Он плюхнулся на стул, на котором минуту назад сидел Поляков. Ухмыльнулся и, покачав головой, потер лоб ладошкой:
– Ну, вы даете! Вы опять все тут за свое? Я-то причем? В чем меня обвиняют? Я опять действующее лицо? Опять?
Я-то причем? Я вообще ничего не понимаю!
Щеголь не обращал внимания на слова Павла. Он закурил длинную папиросу и, выпустив дым, спросил у лейтенанта:
– Вы, лейтенант, молодец. Молодец. Что там у вас за «очная ставка»? Одна и все? А по срокам, вообще-то, когда нужно было сдавать? Я могу в Москве уже рапортовать? Или нет?
– Так точно! Все готово! На днях передам дело в суд. Особым составом, я думаю, быстро. Все будет в срок, товарищ полковник! Все в срок!
Полковник! Этот франт в костюме – полковник из Москвы! И он приехал лично поторопить следствие по делу какого-то там Павла Клюфта?! Нет, он приехал сюда совсем по-другому! Он приехал сюда получить результат! Вот зачем! Он приехал сюда, чтобы потом рапортовать, что в Красноярске он лично раскрыл несуществующую шпионскую группу! Он лично раскрыл заговор государственного масштаба! Он! Но зачем? Кому он будет лгать? Кому еще? Кому-то выше? А зачем? Потом тот, что выше него по званию, пойдет в Кремль, и тоже, будет лгать? И так дойдет до самого главного, вождя товарища Сталина? Но зачем, зачем им это нужно – обвинять простых людей, которые не сделали ничего плохого? Которые страдают ни за что? Просто ради какого-то доклада? Бред, бред государственного уровня!
Павел сжал голову ладонями, как тисками, и качал ей из стороны в сторону. Вадим Петрович посмотрел на Клюфта и подмигнул лейтенанту:
– Лейтенант, я уезжаю скоро. Чтобы справка была у меня на столе. Все. И, лейтенант, не забудьте там написать свою фамилию! Вы хорошо справились со своей работой. Думаю, у вас перспективное будущее. Объявляю вам на первый раз благодарность!
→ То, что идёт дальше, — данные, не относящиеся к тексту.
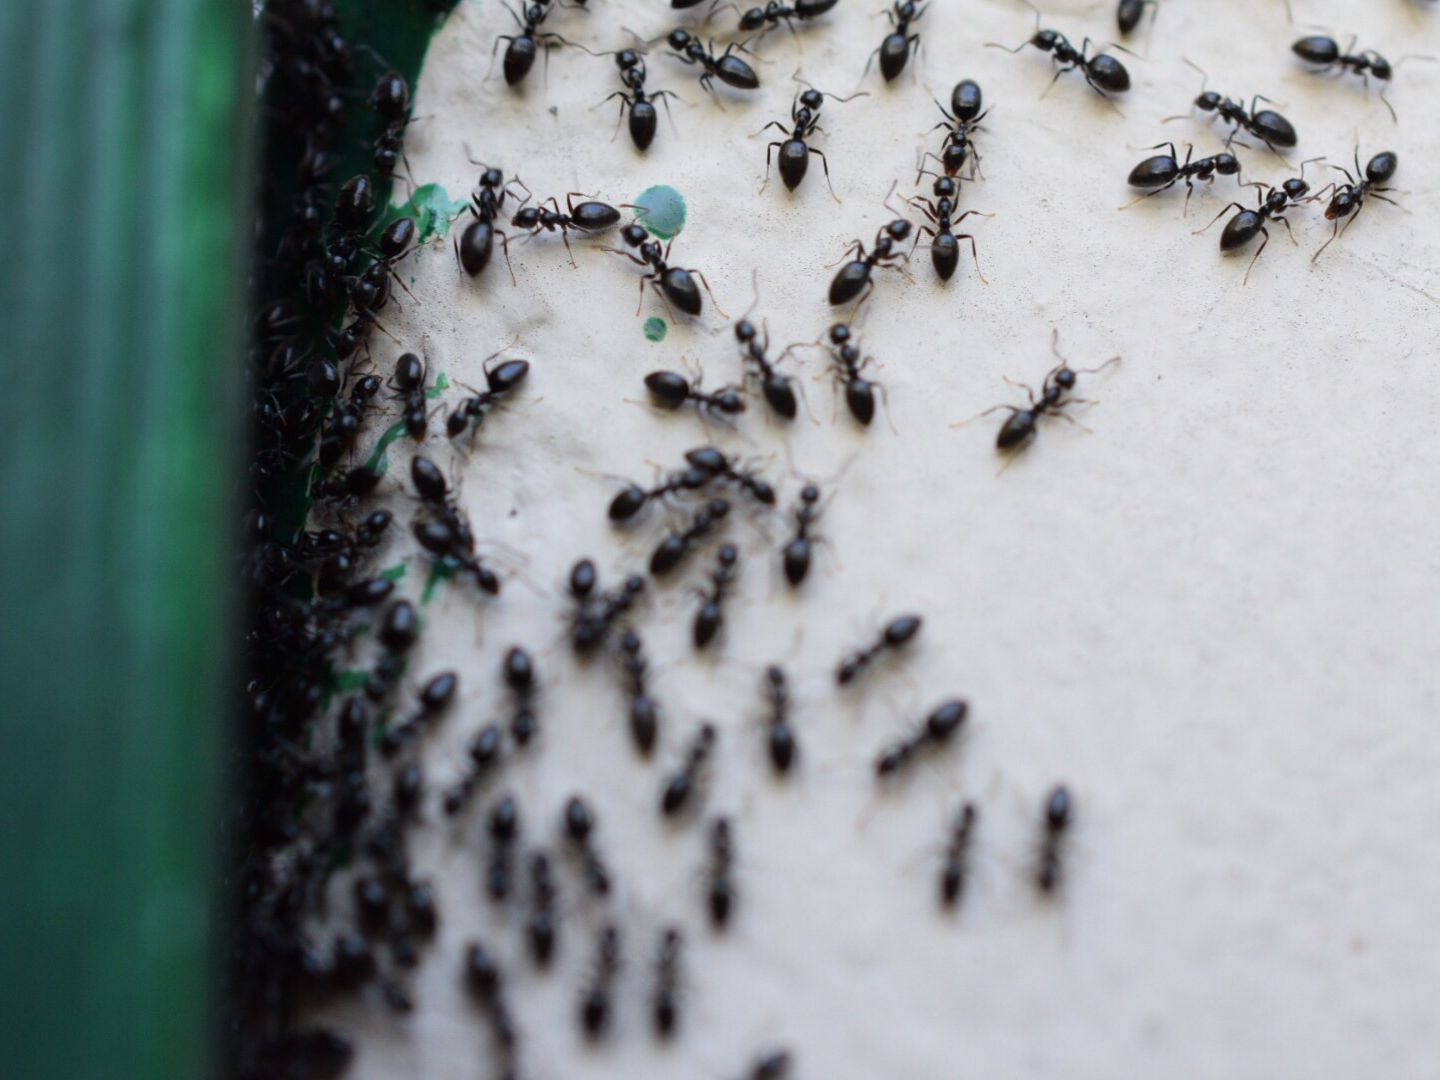 كيف تُوقِف غزو النمل في المنزل؟ watanserb.com
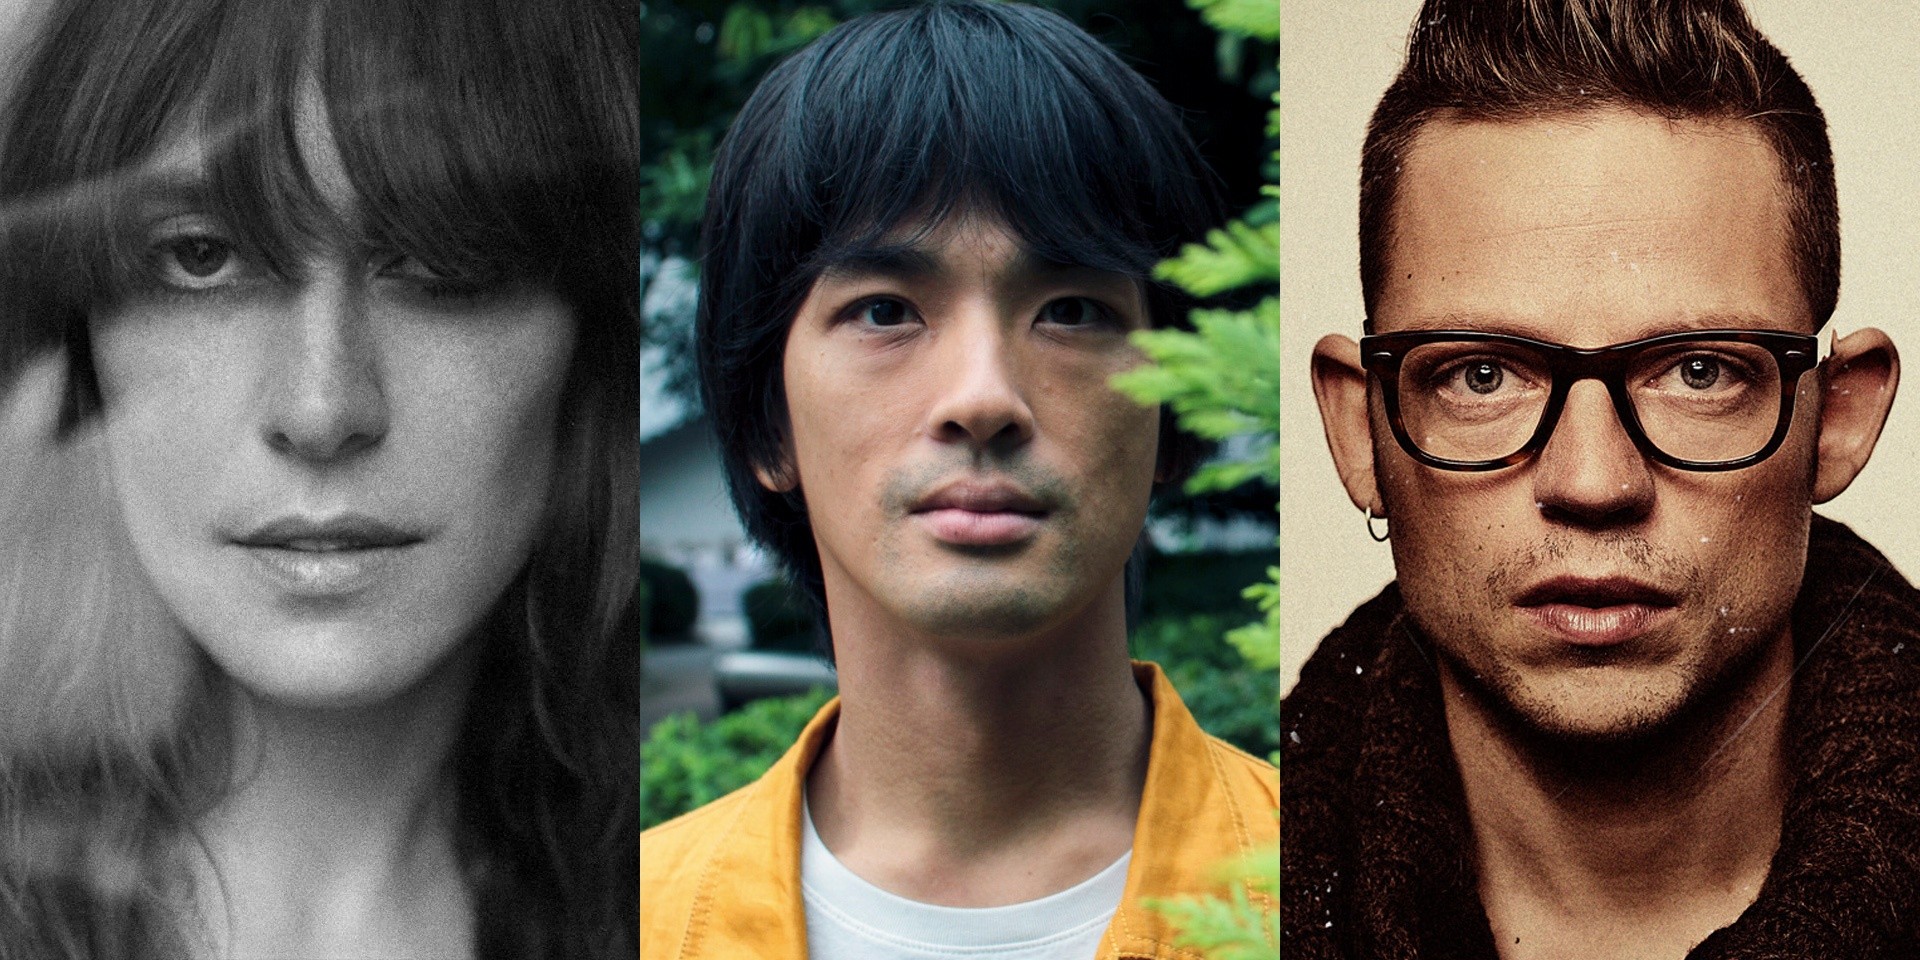 Mosaic Music Series returns with Feist, Shugo Tokumaru, Bernhoft and more

– Служу трудовому народу! – рявкнул в ответ Маленький и вытянулся по струнке.
– Тсс! – приложил большой палец к губам Вадим Петрович. – Не надо называть меня по званию. Не надо. Я не люблю. Пусть я так и буду Вадимом Петровичем! – полковник затушил папиросу и, посмотрев на Павла, сказал с сожалением:
– Ну что ж, Павел Сергеевич. Прощаться будем. Наверное, уж никогда не увидимся. Я хочу вам сказать, вы зря, зря на нас обижаетесь. И вот на лейтенанта. Он-то как раз вам и помог. Помог! Молодец, значит, есть в нем порядочность. Есть! Если сам настоял на проверке! Сам раскопал это дело! И не надо, не надо слюни распускать! Вы – молодой оступились. Еще можно подняться. Главное осознать, так сказать!
Вадим Петрович тяжело вздохнул и фальшиво улыбнулся. Но улыбка была лишней. Явно лишней. Полковник, как показалось Павлу, не смог себе отказать в удовольствии вот так цинично поиздеваться над ним. Вадим Петрович повернулся и медленно вышел. Так выходят актеры со сцены. Именитые актеры! Звезды! Которые знают, сейчас, через секунду после их исчезновения за занавесью, зал взорвется аплодисментами. Клюфт смотрел вслед этому человеку. Что он мог сделать в эту секунду? Что?! Он, маленький человек, волею обстоятельств, оказавшийся в таком положении? Один против всей этой кошмарной системы? Что он мог сделать? Павел ухмыльнулся. Набрав воздуха, он плюнул. Плюнул что есть силы. Но к счастью, полковник этого не услышал и не увидел. Он уже закрыл дверь.
Глава семнадцатая
– Товарищ, верь! Взойдет она! Звезда пленительного счастья! – Верочка Щукина читала стихи сама себе.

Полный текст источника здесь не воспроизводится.